The outline of a passage began to shimmer in the bark, and in its center, I could make out the flower of life glowing dimly. Beneath it, some notes glimmered.
“Looks like we need to enter a musical password,” I concluded, playing the musical phrase.
The outline of the passage flared up and faded, while the passage itself turned into the shimmering ring of a portal.
Quest completed:
Mysterious Sigil.
Reward: +200 Reputation with the Biota. Quest chain available: Road to Nowhere.

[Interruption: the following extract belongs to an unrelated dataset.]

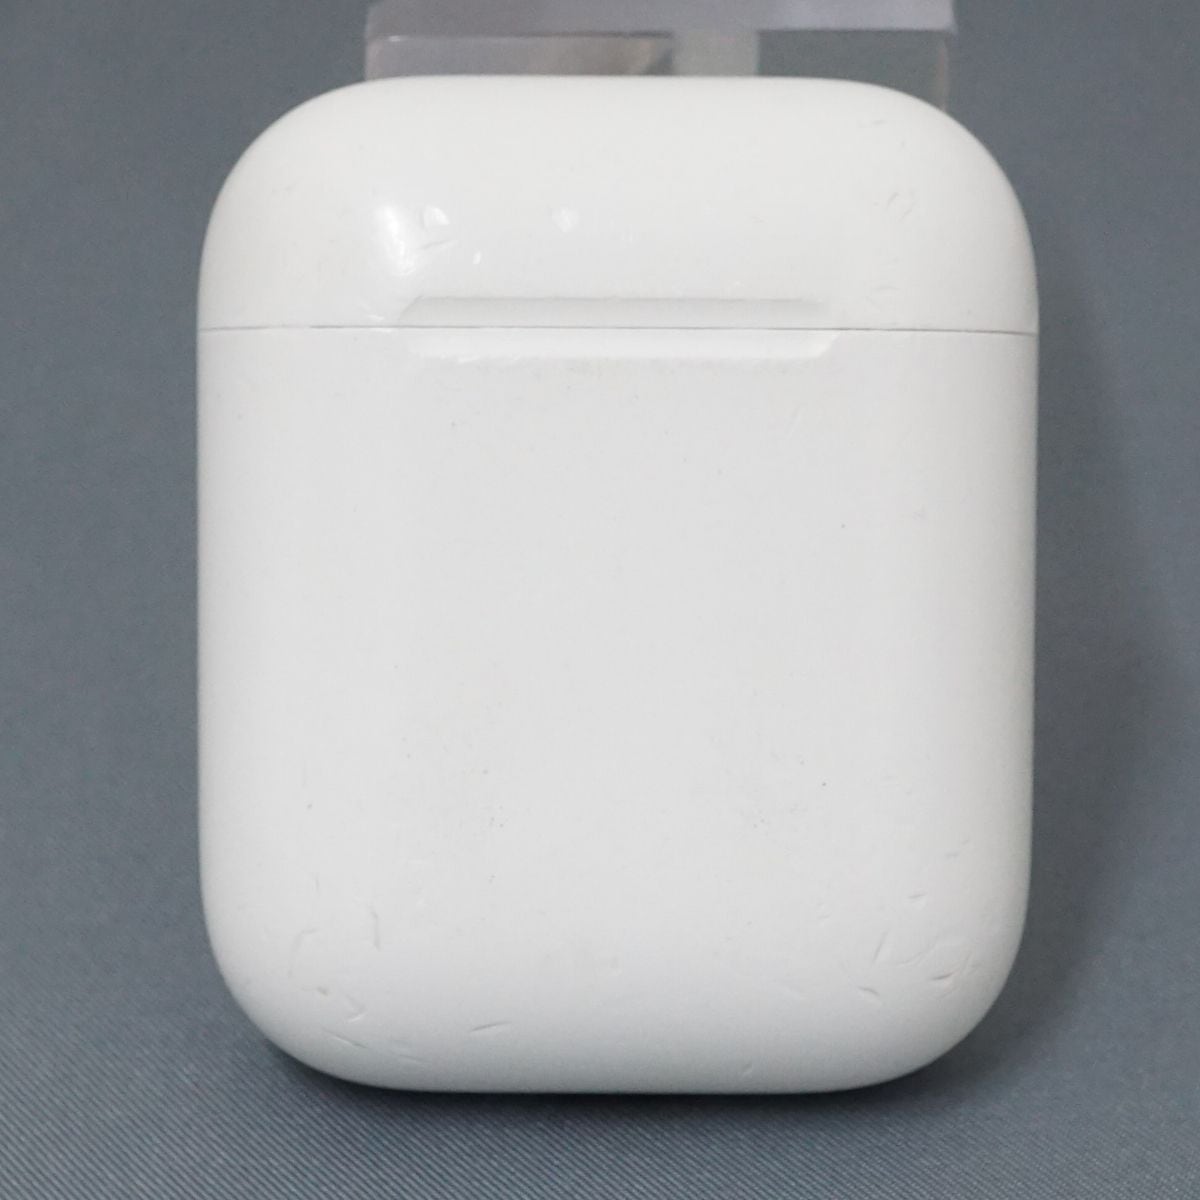 Apple AirPods エアーポッズ 充電ケースのみ 第1世代 USED品 ...

Quest available: Road to Nowhere.
Description: Following the sigils of the Tenth, you have opened a portal leading to an unknown destination. Do you dare discover what lies on the other side and solve the riddle of the Tenth?
Quest type: Rare chain. Reward: Variable. Penalty for failing/refusing the quest: None.
Do you wish to accept this mission?
“Speak, friend, and enter,” muttered Chip, adjusting his grip on his halberd. “A quest’s been offered. Shall we take it?”
“Of course we take it!”
“Done.”
Stepping up to the opened portal, he sniffed it, twitched his ears, listened and then stepped decisively into the portal.
“Bad idea,” I said too late and stepped in after him.
On the other side of the portal, I immediately slammed into my partner’s furry side. He was standing stock-still staring at the fairly odd location we had been transported to. We were standing…on a white marble floor, in the middle of an enormous hall, with a vaulted ceiling that had been painted to look like the night sky.
“Where are we?”
The question was a rhetorical one—we were nowhere on the world map. Neither in the Hidden Forest, nor in the areas we had explored. It was like we had stepped out of Barliona altogether.
Chip approached a window pane that bore the emblem of the flower of life and began to study its sash. Locating the latch, the pirc carefully opened the window and stuck out his curious nose.
“Nowhere,” he voiced his observations right away with resignation. Squirming under the pirc’s paw, I caught sight of clouds of gray fog. And that’s it.
“Up and down, it’s all the same,” the pirc stepped away from the window. “It’s like we’re suspended in a cloud. Like we took a wrong turn in a hot air balloon.”